So war meine erste Belle aus einen sehr leichten Sommersweat und diese zweite hier ist eine  Jacquard. Aus einem besonderen Jacquard: Er ist nämlich das Giveaway des letzten Lillestoff-Festivals gewesen und lag mir so als Erinnerung an die Begegnung mit vielen sehr lieben Menschen besonders am Herzen.




Ich hatte immer im Kopf aus meinem Meter dieses schönen Stoffs etwas Besonderes zu nähen, nicht einfach nur ein schlichtes Langarmshirt. Allerdings limitiert der eine Meter ja durchaus in der Wahl der Schnitte, rauschende Ballkleider sind da nicht drin.




Also hat dieser Stoff nur auf die Belle gewartet. Der Lillestoff vom vorletzten Jahr wartet übrigens immer noch auf seine Bestimmung.

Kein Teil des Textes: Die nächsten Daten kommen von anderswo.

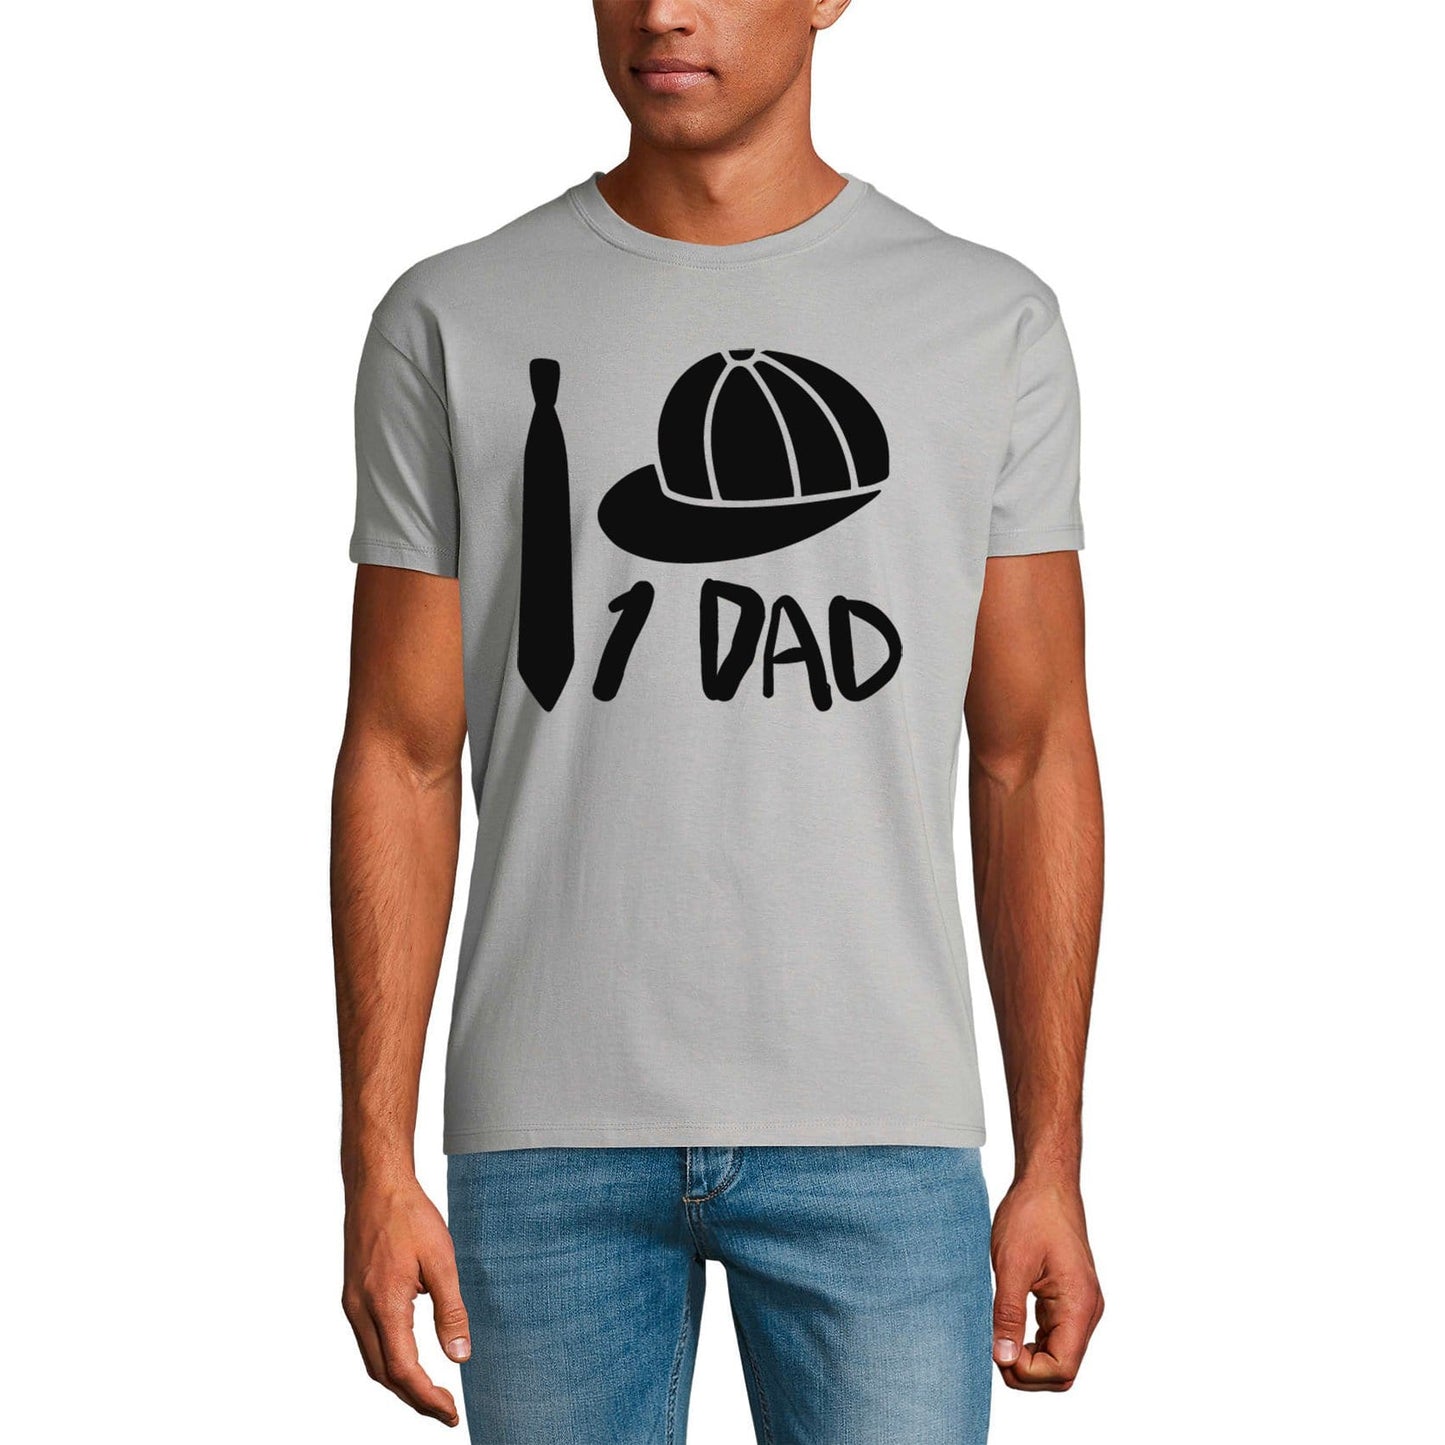 ULTRABASIC Men's Graphic T-Shirt 1 Dad - Funny Daddy Sport Shirt - Father's Day

Das Schößchen macht Belle aus meiner Sicht zu etwas ganz Besonderem, gibt ihr einen sehr femininen Touch. Ich finde das ganz schön in meinem Alltag, der ja doch meist nach Jeans und Hoodie schreit. Wenn man mal wieder bis zur Halskrause zwischen Wäschekörben und Kinderterminen steckt, schadet es nicht, sich ab und zu mal wieder wie ein weibliches Wesen zu fühlen.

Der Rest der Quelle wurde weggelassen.